Shropshire Star

10 go on trial over 2016 Brussels suicide attacks

Among the accused is Salah Abdeslam, the only survivor among the Islamic State extremists who struck the Bataclan theatre in Paris in 2015.

Belgium Attacks Trial

More than six years after the deadliest peacetime attack on Belgian soil, the trial of 10 men accused over the suicide bombings at Brussels airport and a subway station began in earnest under high security on Monday.

Among the accused is Salah Abdeslam, the only survivor among the Islamic State extremists who in 2015 struck the Bataclan theatre in Paris, city cafes and France’s national stadium.

He was taken to court in an armoured police vehicle and identified himself when called upon by the presiding judge.

Belgium Attacks Trial
An aide guides victims to their seats at the start of the trial in Brussels (Olivier Matthys/AP)
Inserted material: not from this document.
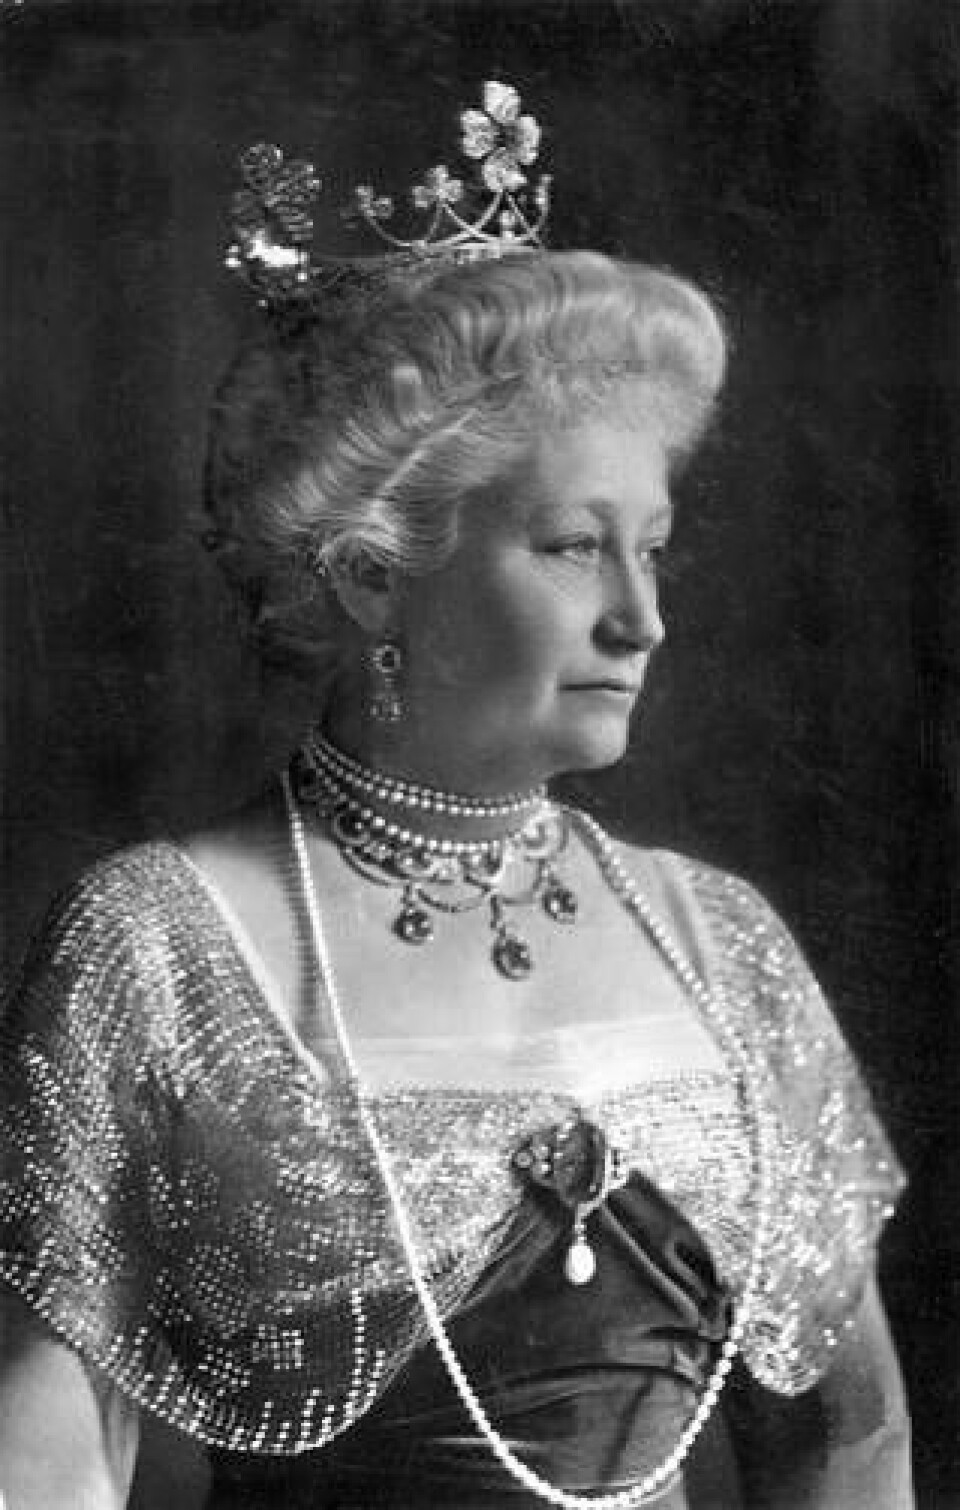 Kejsarinnan Auguste Victoria, gift med Wilhelm II.
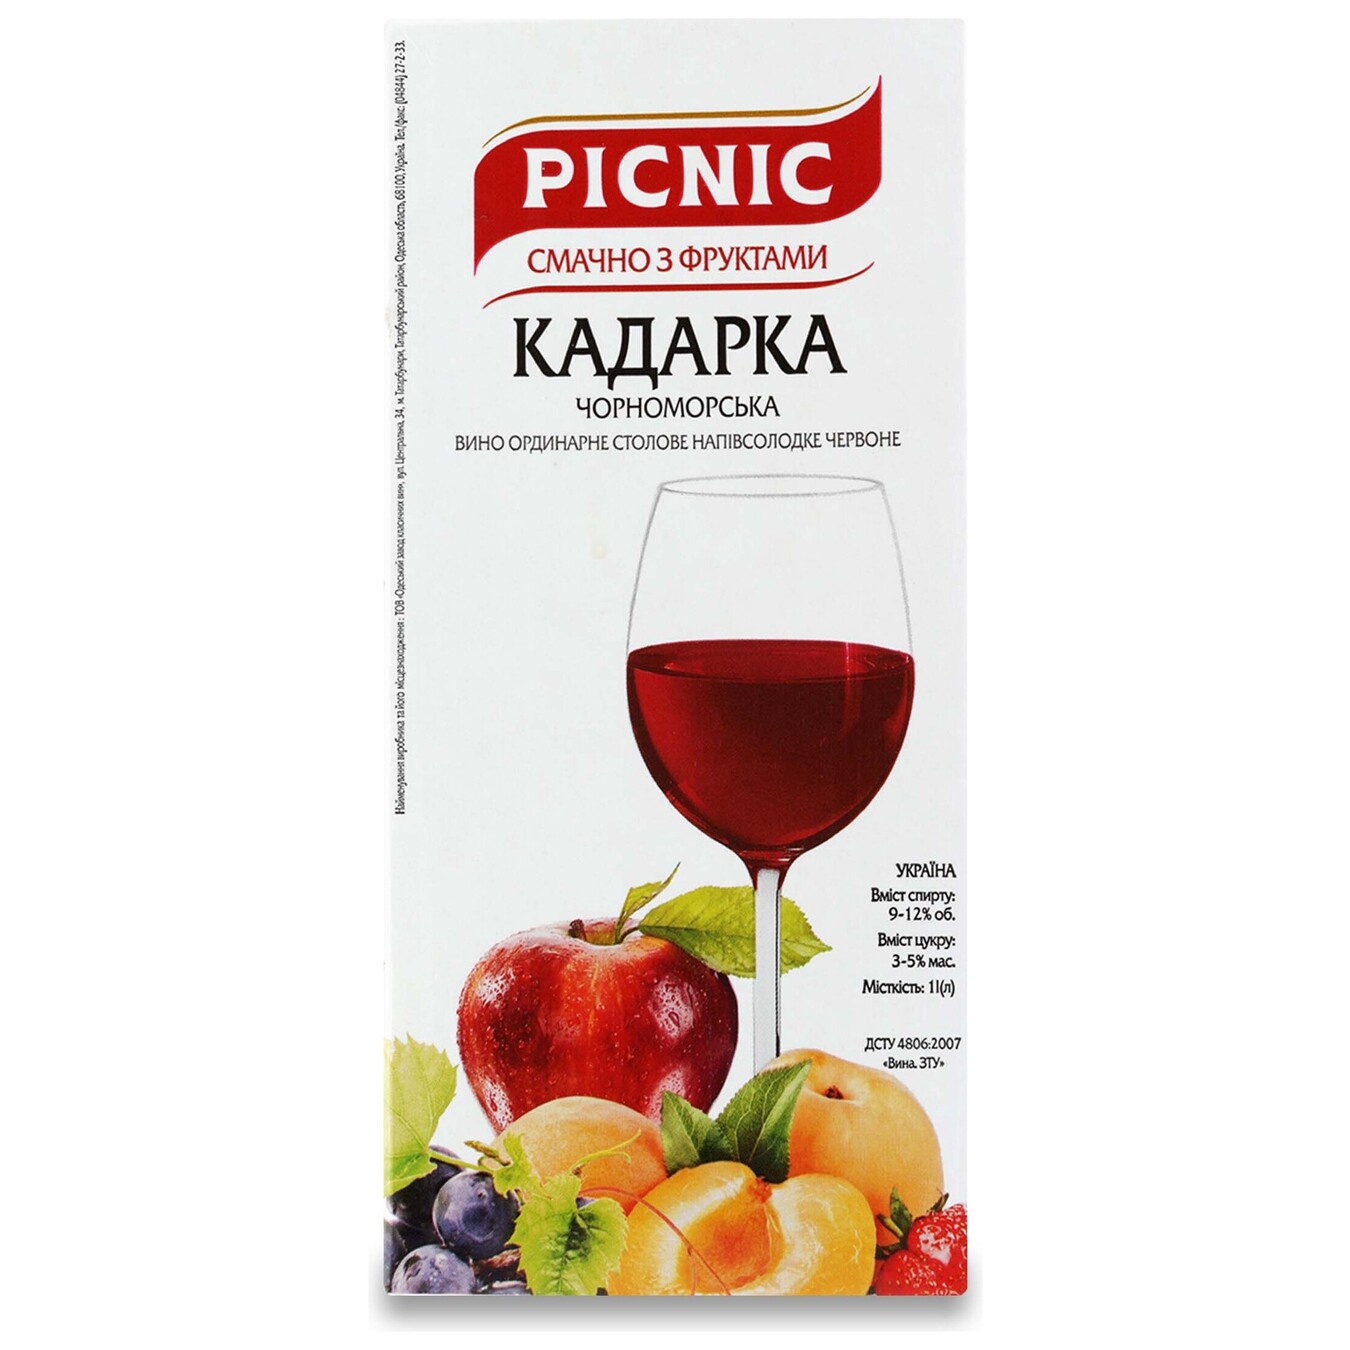 Вино Picnic Кадарка черноморская столовое красное полусладкое 12% 1л

The 10 defendants face charges including murder, attempted murder and membership of, or participation in the acts of, a terrorist group, over the morning rush-hour attacks at Belgium’s main airport and on the central commuter line on March 22 2016.

In all, 32 people were killed and around 900 others were injured or suffered mental trauma.

If convicted, some of the accused could face up to 30 years in prison.

The trial was initially expected to start in October but was pushed back to allow changes to the seating arrangements for the defendants.

More than 300 witnesses could be questioned during the hearings, which are being held at a court in the former headquarters of Nato, on the outskirts of the Belgian capital and are expected to run for six to nine months.

Belgium Attacks Trial
Special police stand behind defendants in a specially designed glass box at the start of the trial for the March 2016 terror attacks in Brussels (Olivier Matthys/AP)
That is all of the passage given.